Research
Introduction
Figure 1. Mugshots of newly hatched Drosophila larvae showing the pattern elements along the anterior-posterior (AP) and dorsal-ventral (DV) axes. In both panels anterior is at top. Left panel - the ventral surface of the embryonic cuticle faces forward. Right panel - ventral is left, dorsal at right.
The long-term focus of our lab has been to understand how a single cell, the fertilized egg, develops into a multicellular organism with defined anterior-posterior and dorsal-ventral polarity and a huge variety of differentiated tissue types. In our studies we use the fruit fly, Drosophila melanogaster, which has proven to be an extremely powerful system for genetic, molecular and biochemical analysis of development.

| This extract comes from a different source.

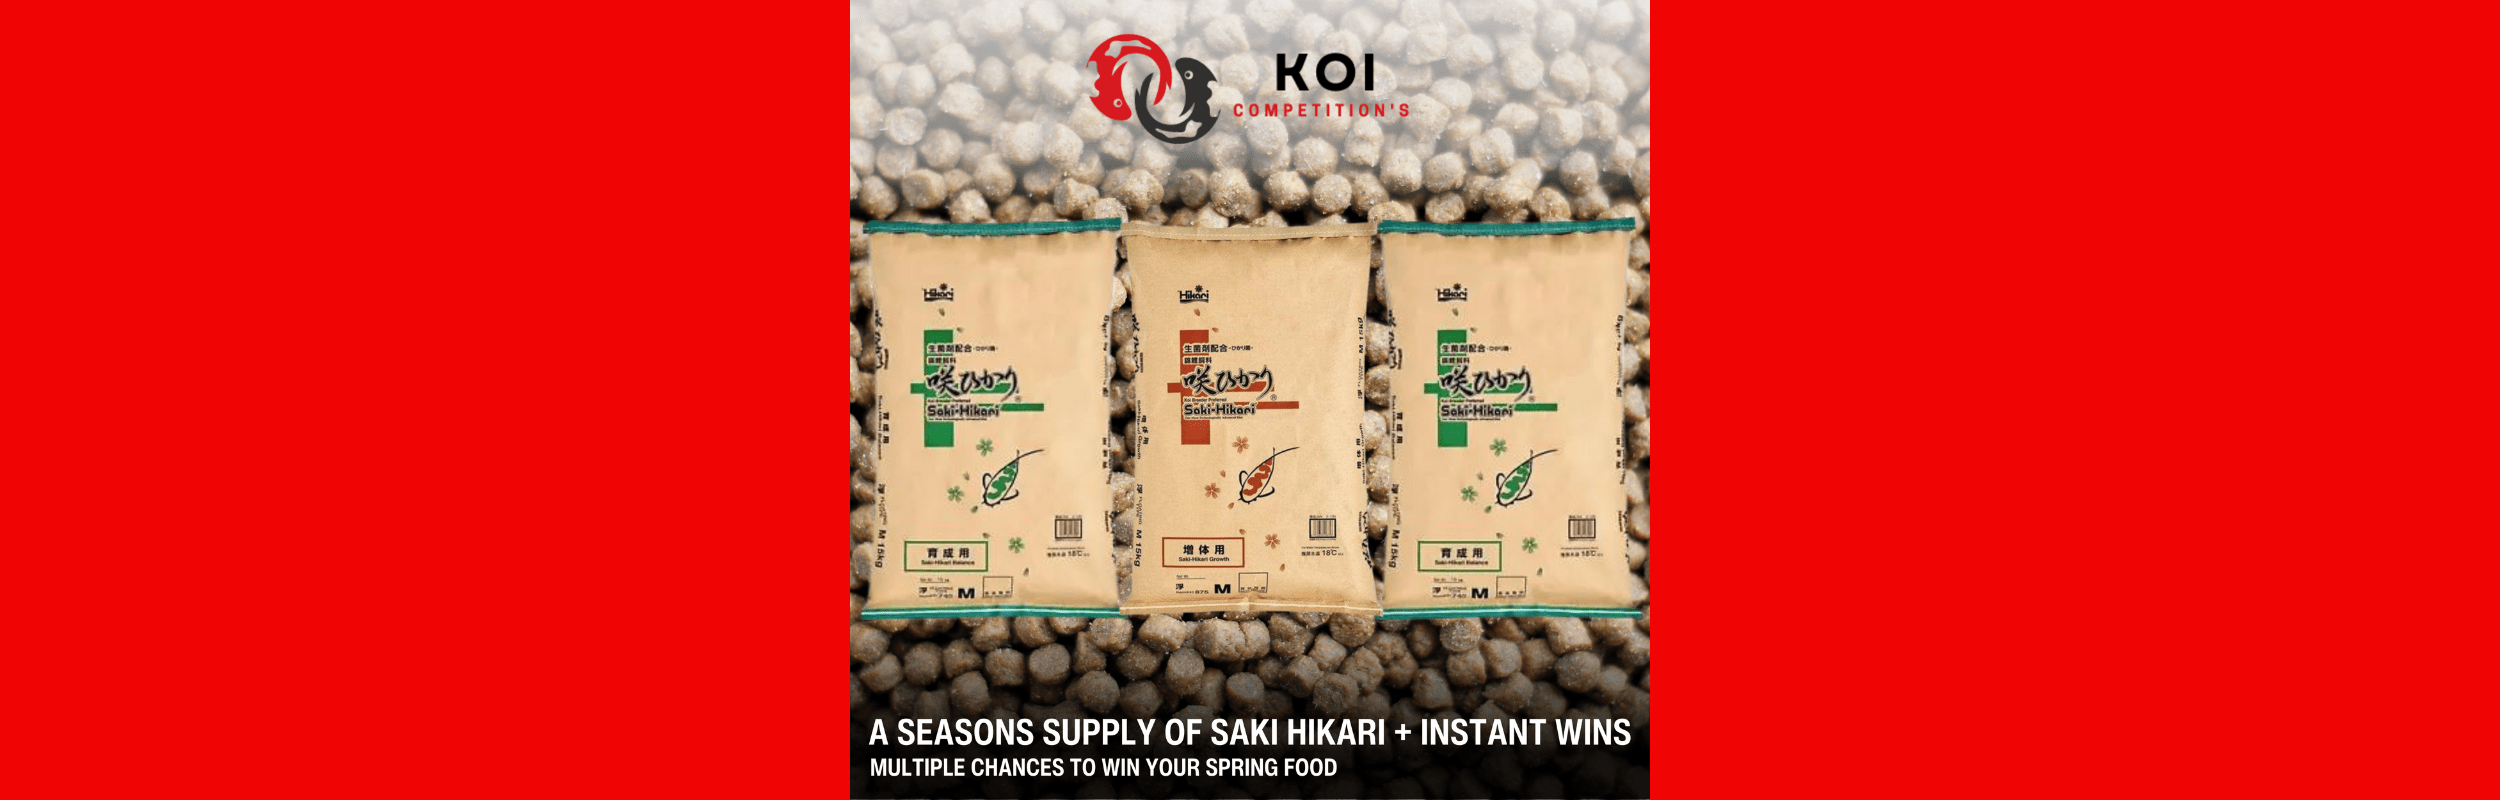 A SEASONS SUPPLY OF SAKI HIKARI + INSTANT WINS
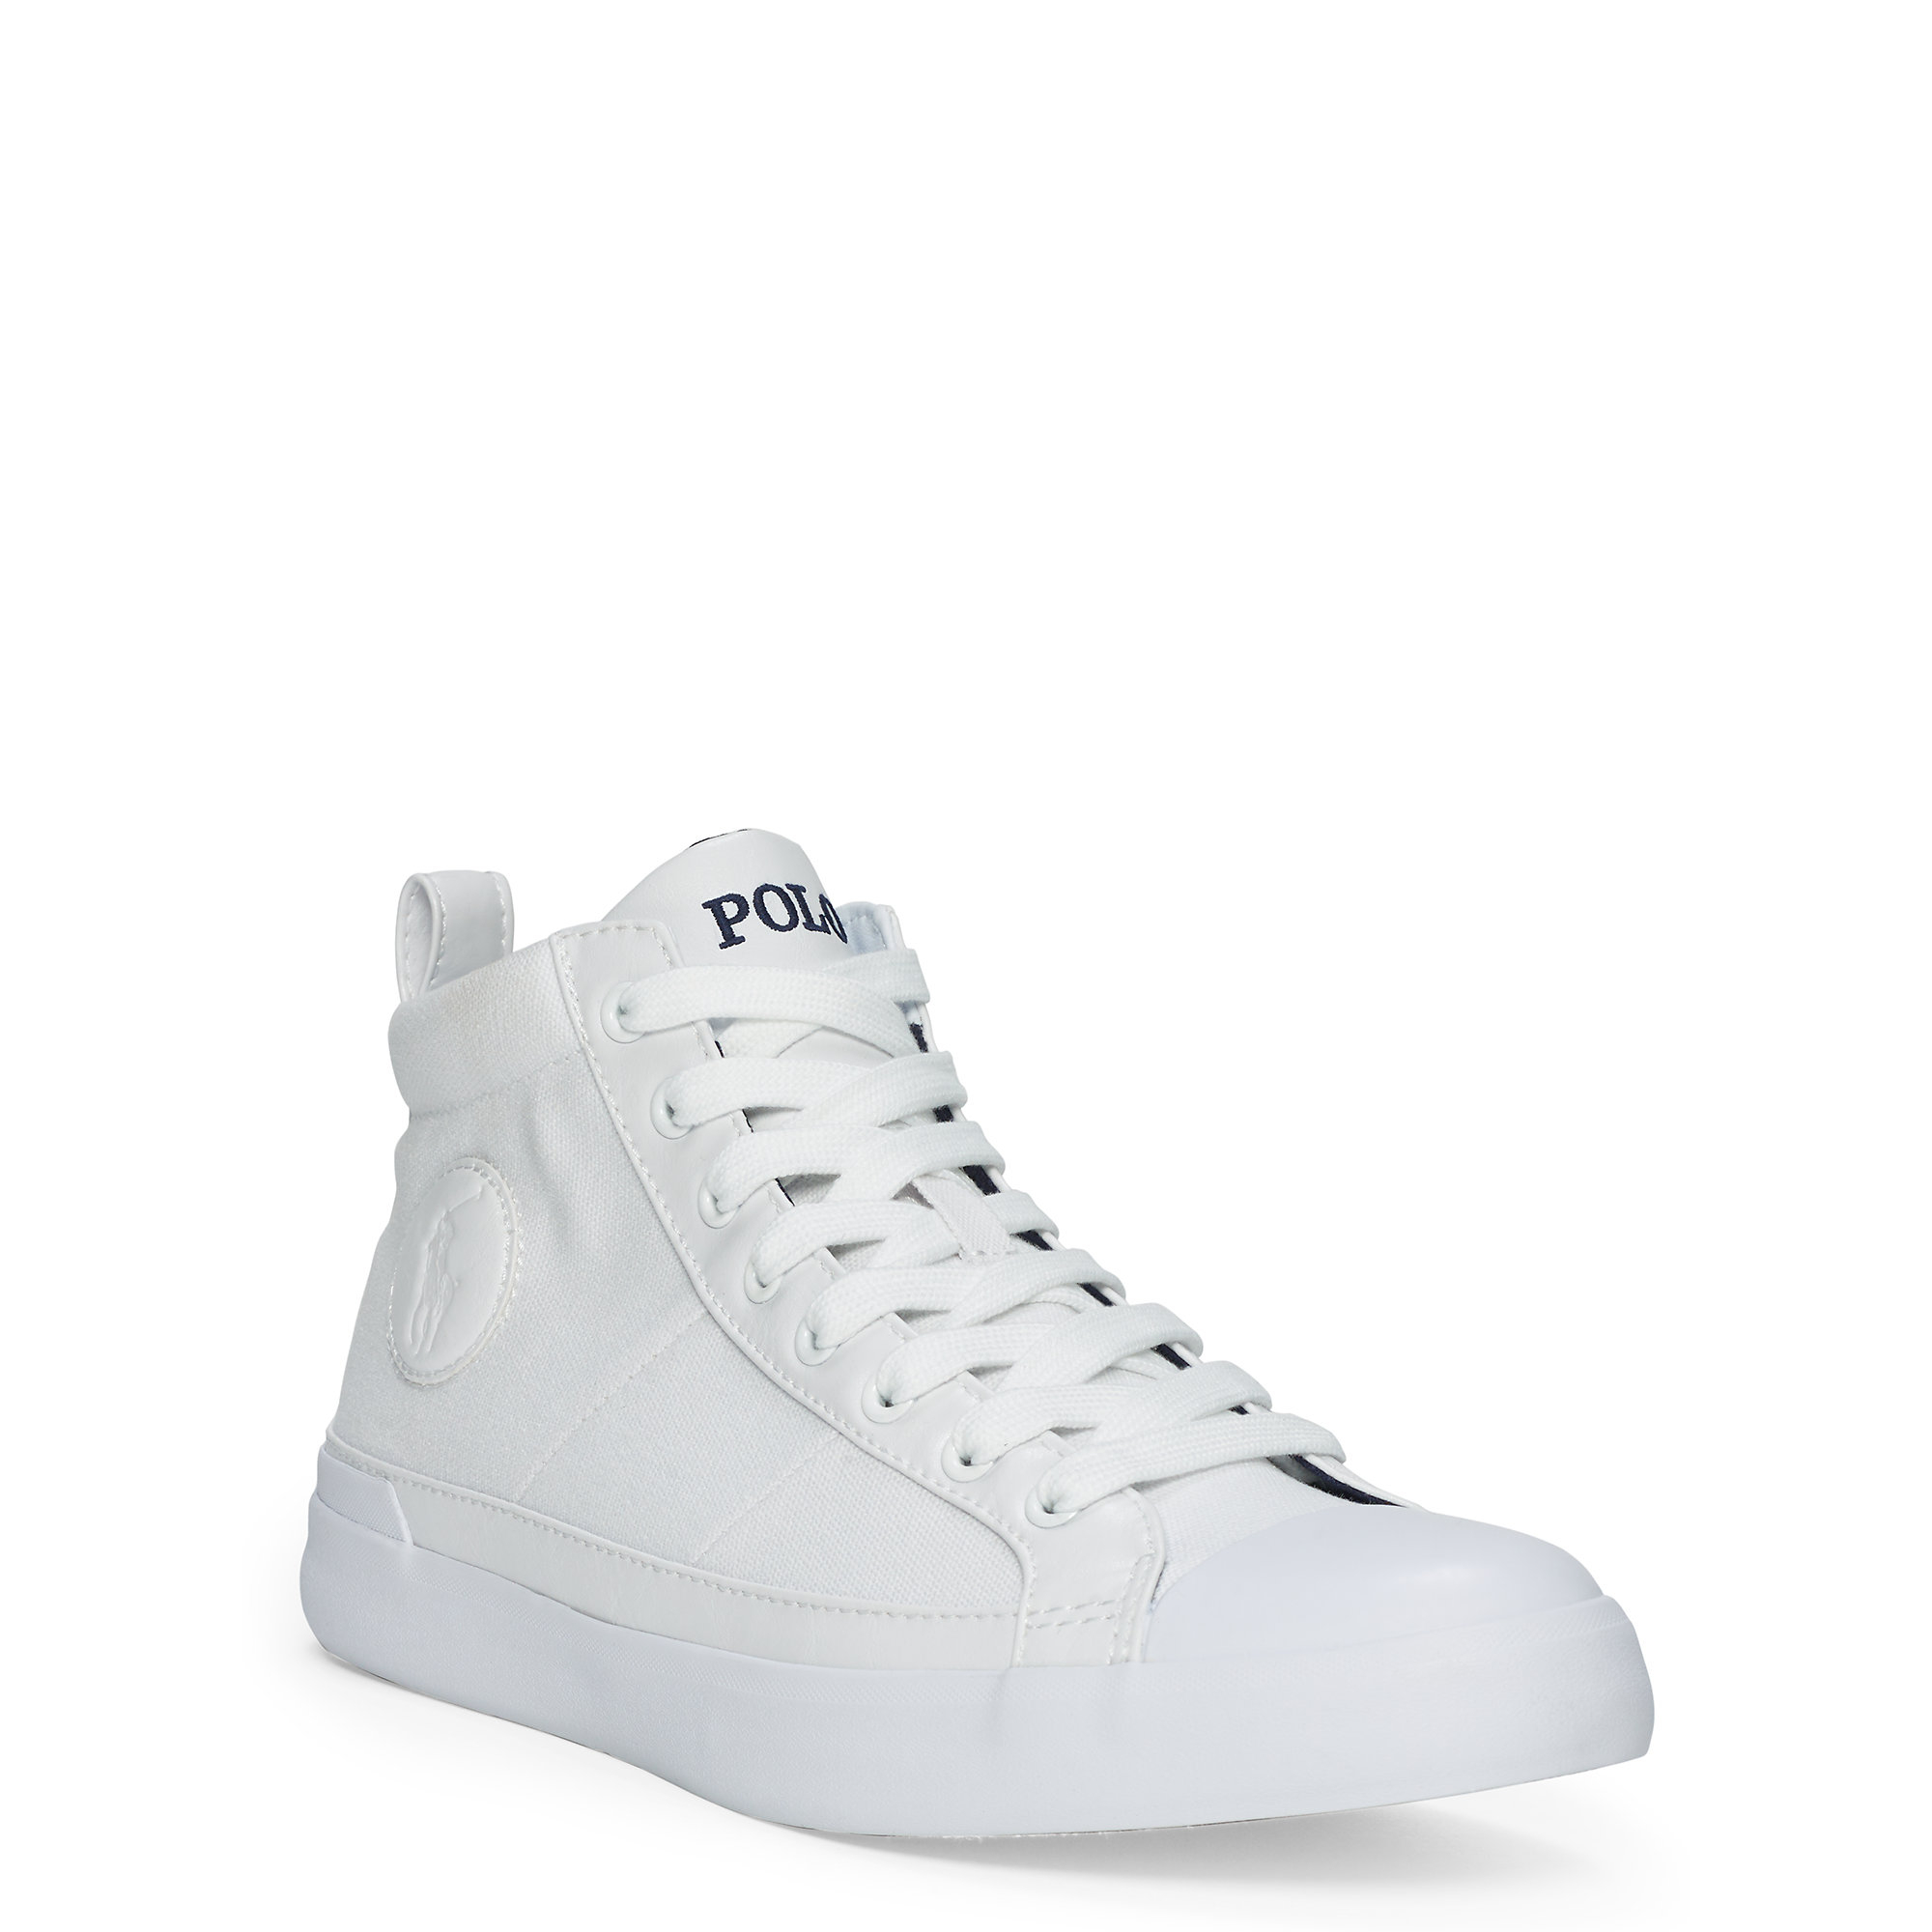 Polo Ralph Lauren Canvas Clarke High-top Sneaker in White for Men - Lyst

Many of the genes and pathways required for Drosophila development have been conserved throughout evolution and thus, many of the findings from Drosophila research have direct relevance to human development and health. For example, the pathway that determines dorsal-ventral polarity of the Drosophila embryo involves a cascade of serine proteases very similar to the one that regulates blood coagulation in humans. Similarly, the receptor that is required for establishing the terminal regions along the anterior-posterior axis of the embryo belongs to the receptor tyrosine kinase family, members of which are implicated in human development and disease, including cancer.
The Drosophila embryo develops very rapidly - a first instar larva (Figure 1) hatches out of the fertilized egg after only 24 hours of development. To jump start embryonic development, the mother fills the developing egg with RNA and protein molecules that are poised to act during embryogenesis. These maternally expressed RNAs and proteins provide the patterning information that tells the embryo which side is ventral and which dorsal, which end is anterior and which posterior, and where along the anterior-posterior axis its head, thorax, abdomen and tail should form. Our lab has focused primarily on dorsal-ventral axis formation but we are also interested in the maternal pathway that regulates the development of the terminal regions of the Drosophila embryo.
The Dorsal-Ventral Pathway
Figure 2. A dorsalized embryo from a female that is homozygous for a dorsal group gene mutation.
Dorsal-ventral (DV) polarity of the Drosophila embryo depends upon the activity of a group of maternally expressed genes known as the dorsal group. Females homozygous for loss-of-function mutations in any one of these genes will produce embryos that lack DV polarity and in which the fate of all cells is dorsal - these embryos exhibit a dorsalized phenotype (Figure 2). A key event in the formation of DV polarity in the Drosophila embryo is activation of the receptor encoded by the Toll gene. The Toll receptor bears similarity to several types of human receptors and although Toll is distributed uniformly in the embryonic membrane, it is activated only on the ventral side of the embryo. Ventrally restricted activation of Toll is essential for establishing the DV axis. A central and long-standing goal of our work has been to understand how spatially specific Toll activation is achieved.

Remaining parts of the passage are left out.